Task instructions.
From the entries below, please output exactly the lines starting at the one containing "Bowtie Men Formal" and ending at the one containing "EC-LAV, 1989 Boeing", both included.

Material for this task.
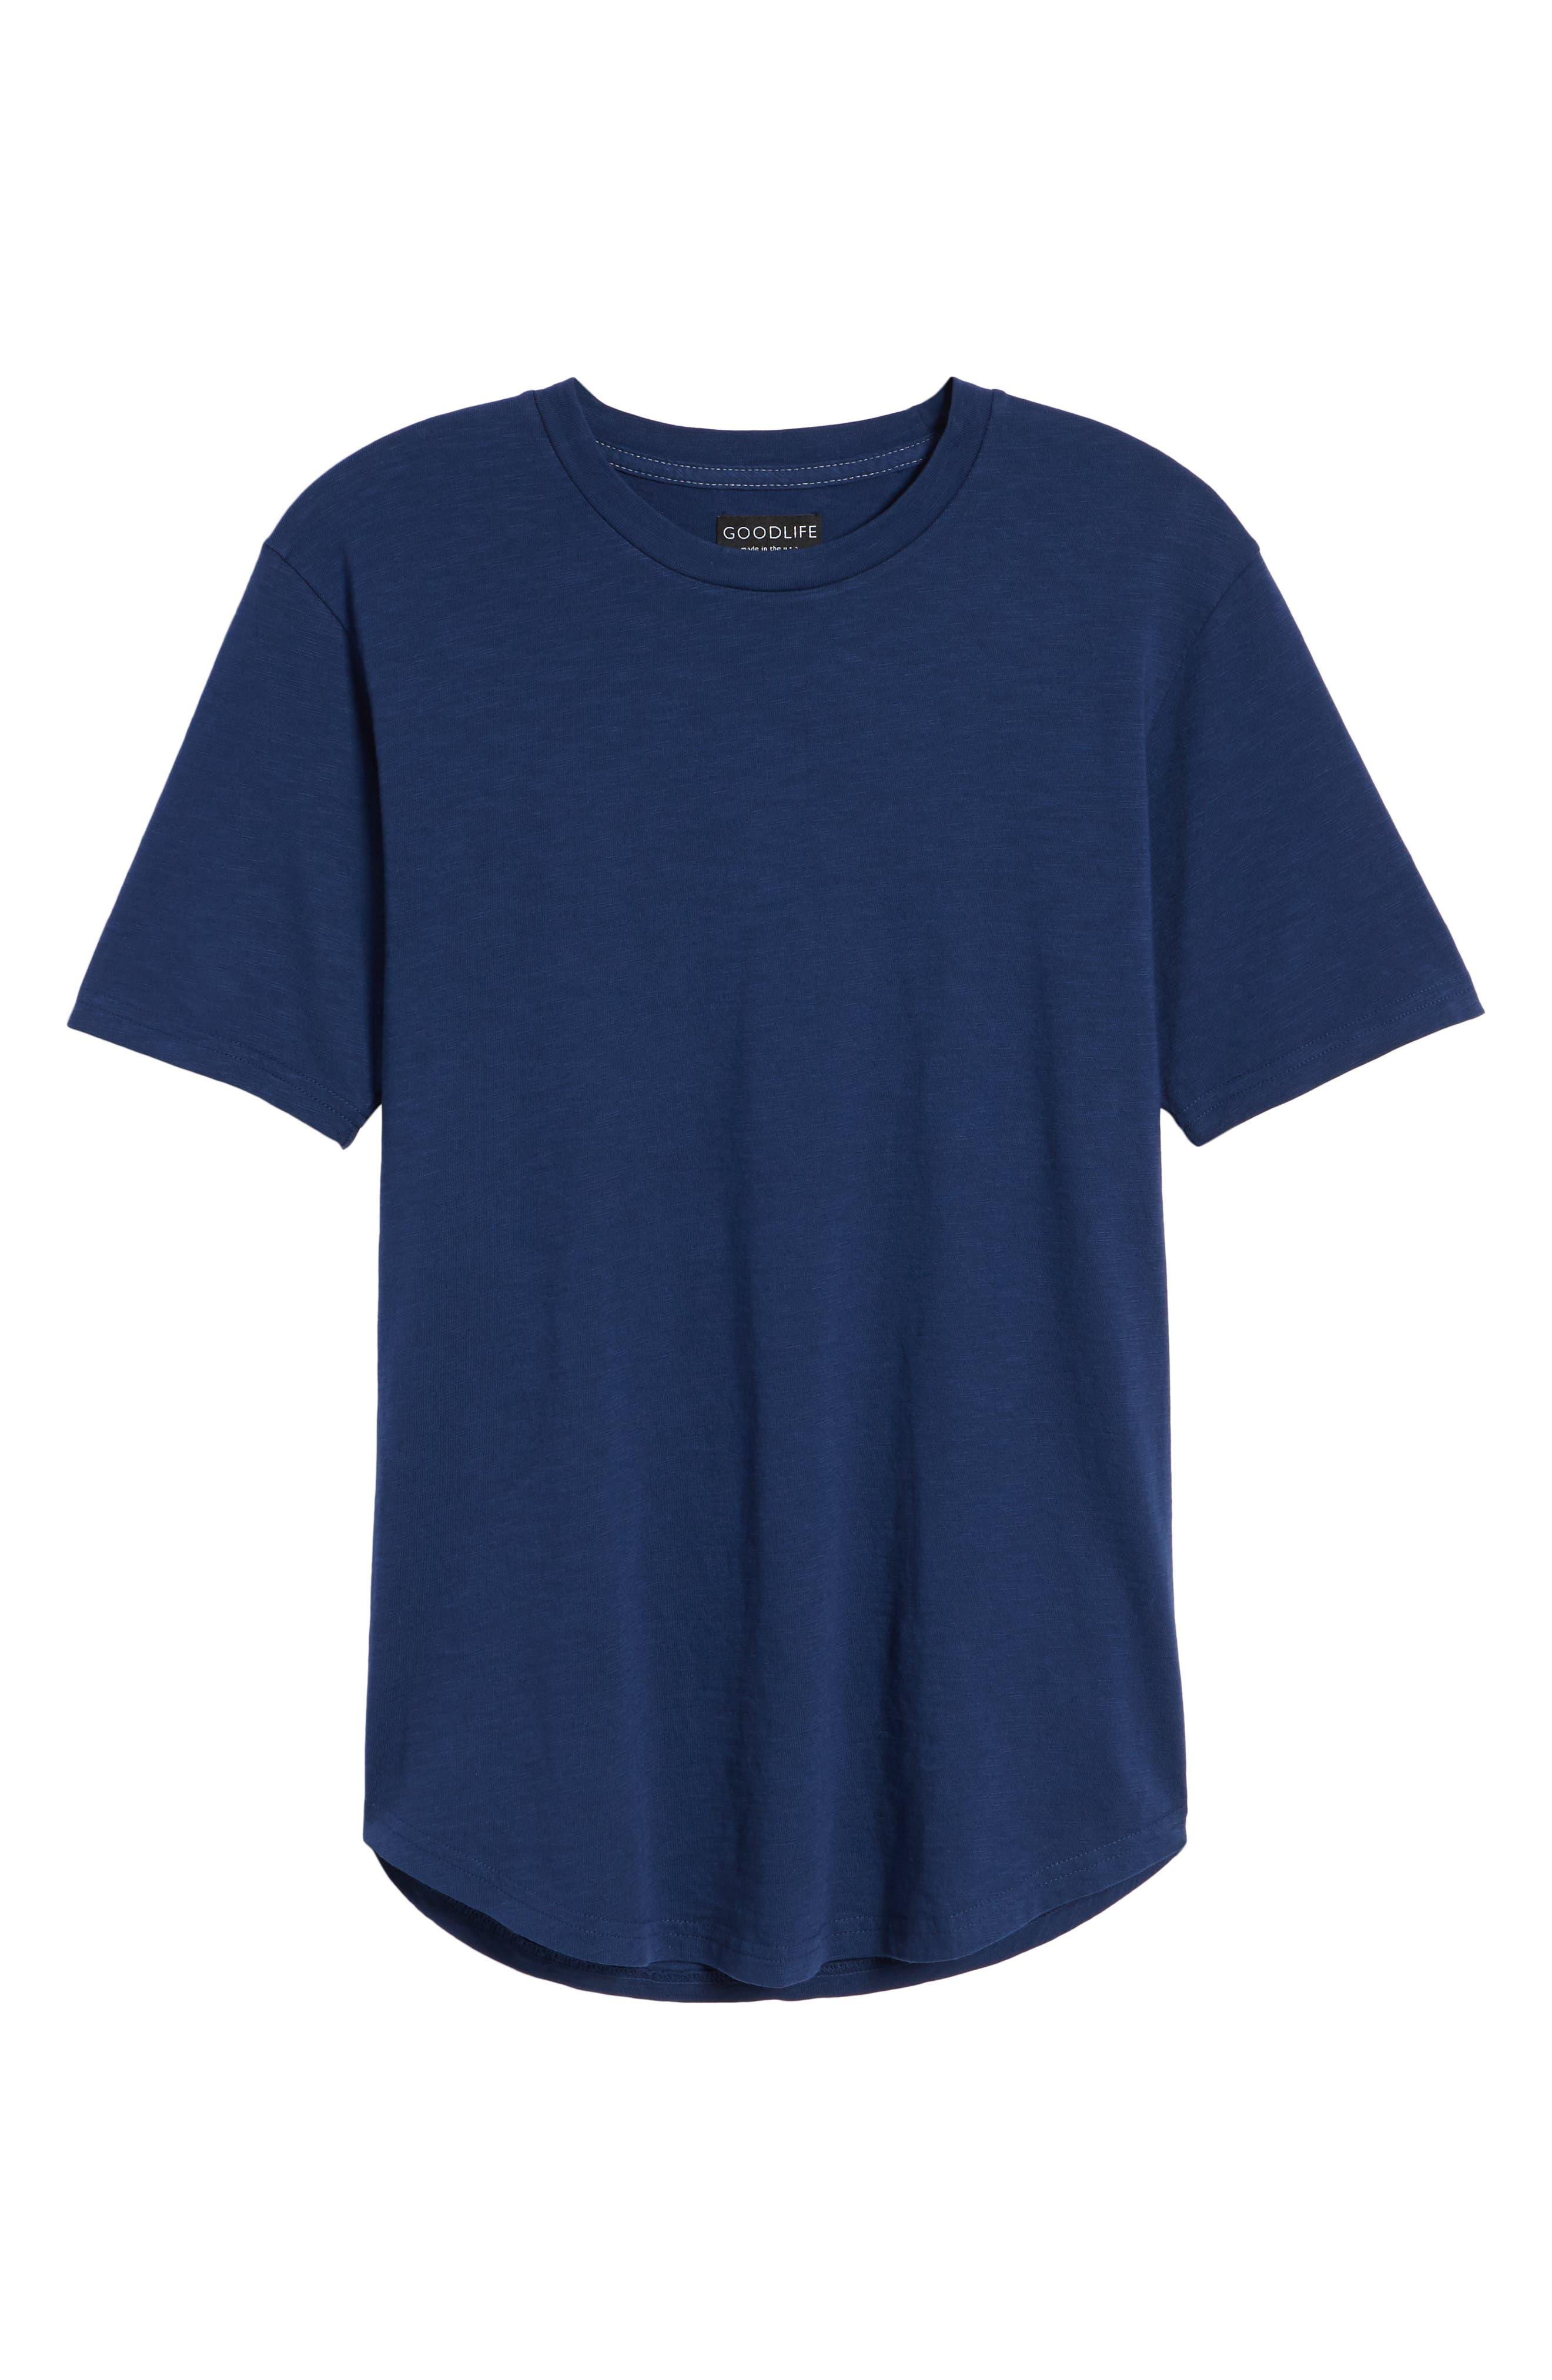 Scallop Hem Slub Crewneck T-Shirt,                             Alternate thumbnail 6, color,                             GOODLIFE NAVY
--
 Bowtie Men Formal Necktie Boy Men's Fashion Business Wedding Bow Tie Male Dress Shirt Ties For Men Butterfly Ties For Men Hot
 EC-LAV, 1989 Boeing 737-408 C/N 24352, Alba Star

Answer space.
 Bowtie Men Formal Necktie Boy Men's Fashion Business Wedding Bow Tie Male Dress Shirt Ties For Men Butterfly Ties For Men Hot
 EC-LAV, 1989 Boeing 737-408 C/N 24352, Alba Star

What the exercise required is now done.